Wolf sculpture at Coed y Bleiddiau
The woodland here is called Coed y Bleiddiau (“Forest of the Wolves”) because, it’s said, this is where the last wolf in Wales was slain. Wolves were hunted to extinction in England by the early 1600s but lived on in the wilds of Wales for much longer.
This ancient oak woodland is owned by the National Trust and is part of the Coedydd Maentwrog National Nature Reserve which is managed by Natural Resources Wales. The wolf sculpture was commissioned by the warden and designed by Beryl Smith, from Llanidloes in Powys. It was planted in March 2010 with help from wardens and volunteers.
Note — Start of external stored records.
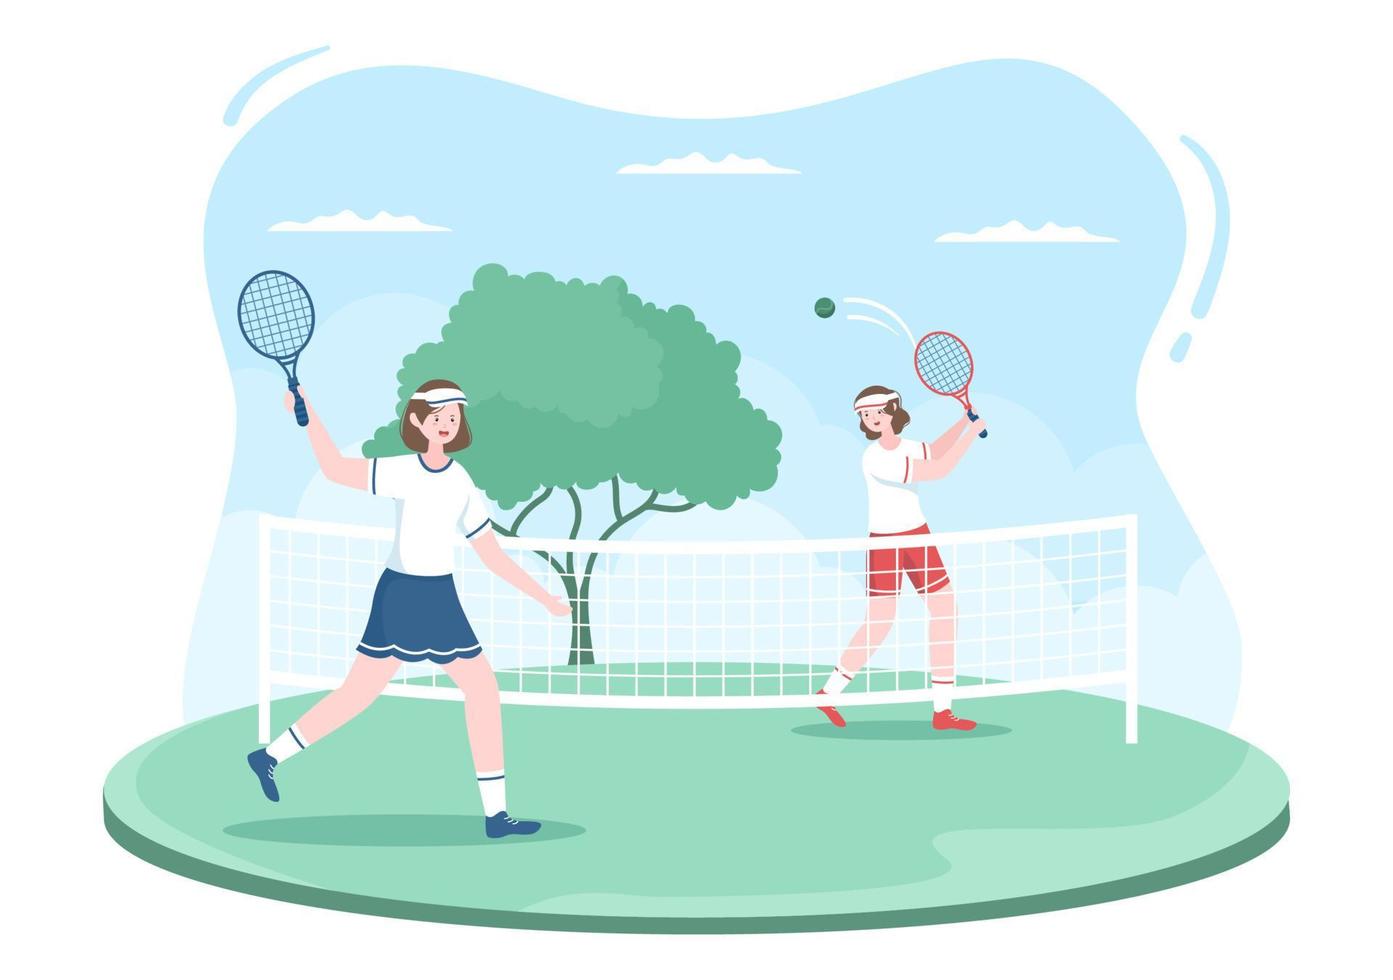 tenista con raqueta en mano y pelota en la cancha. gente haciendo partidos deportivos en ilustración de dibujos animados plana vector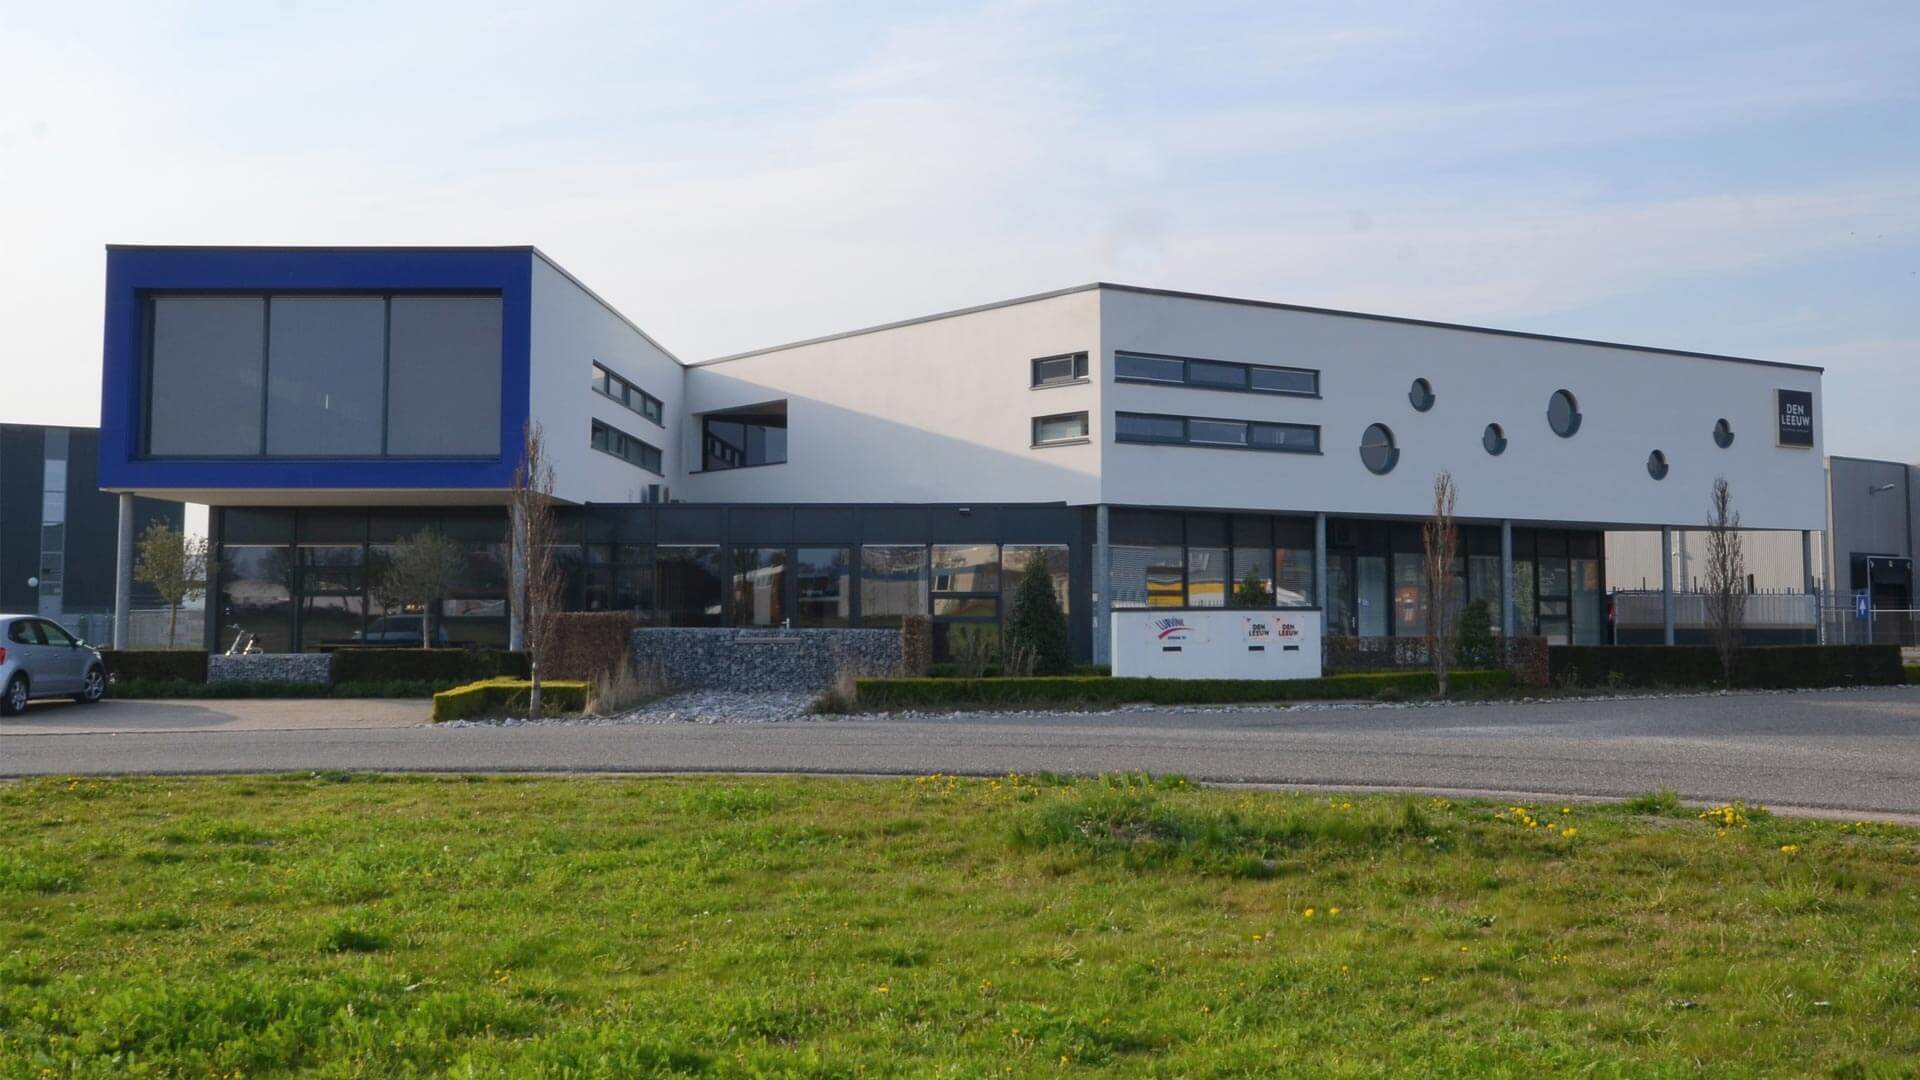 Bedrijfshal, kantoren en showrooms in Lichtenvoorde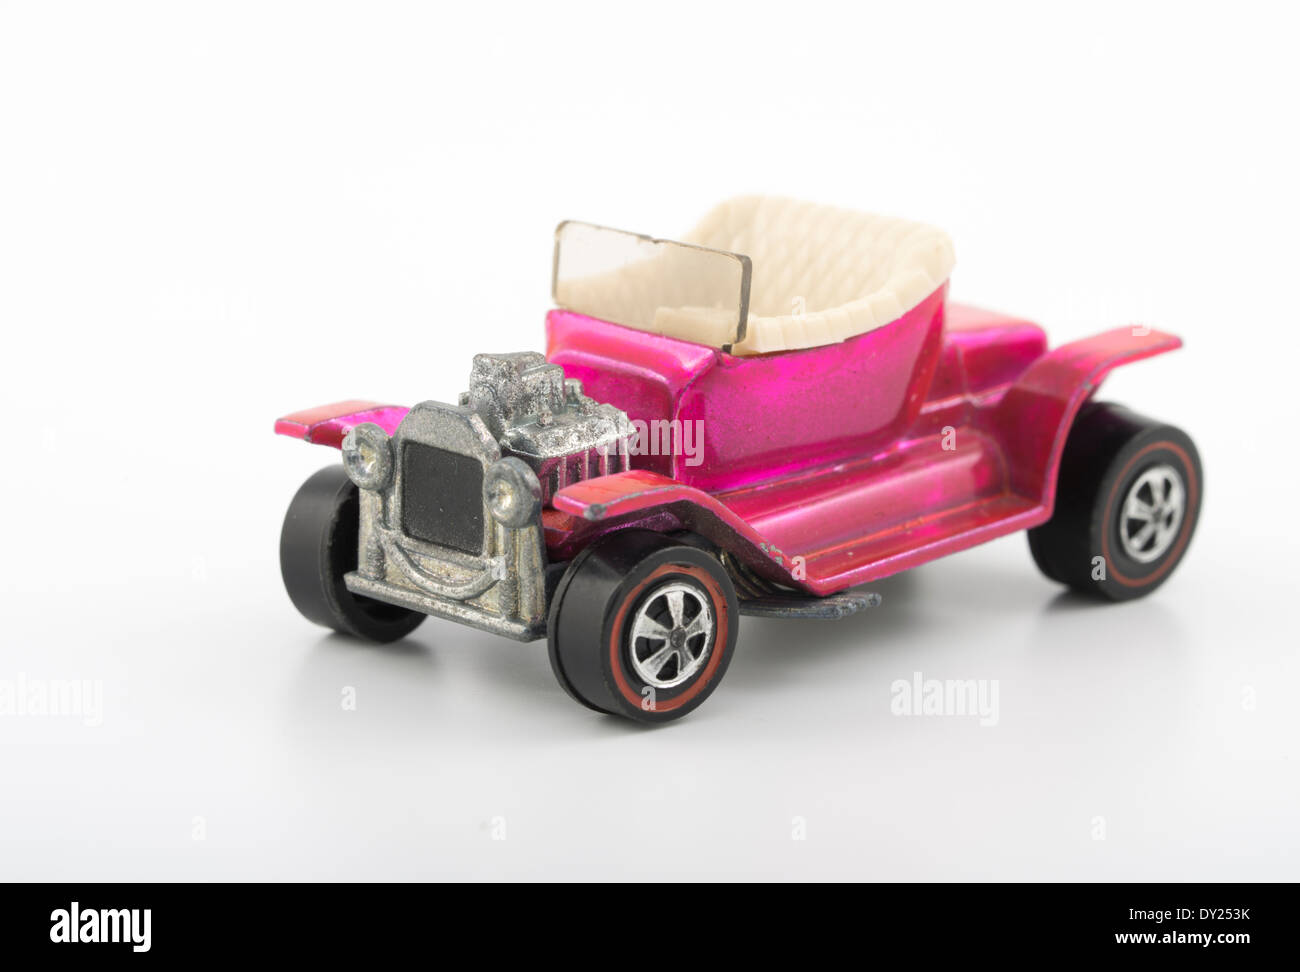 Rosa heißen Heap, Hot Wheels-Druckguss Spielzeugautos von Mattel 1968 mit Spectraflame Lackierung Stockfoto

It comprises 400 rods of salix viminalis, a particularly vigorous type of willow. The wolf’s head is lifted to the sky, jaws open and howling. The idea is that children will be able to walk into the belly of the wolf and crawl out through its oversized tail.
Coed y Bleiddiau is a small remnant of the Atlantic oakwoods that once stretched along the coastline of Europe from Scotland to Portugal. Because of the high humidity they are sometimes described as “temperate rain forests” and are home to many rare ferns, mosses, liverworts, lichens and fungi. The woodlands also provide ideal habitat for insects, birds, and mammals, especially bats.
They might also be home to the elusive pine marten, whose presence in Snowdonia has not been confirmed since the 1950s. There have been several unconfirmed sightings in this area and den boxes have been erected in the trees to try and verify their presence.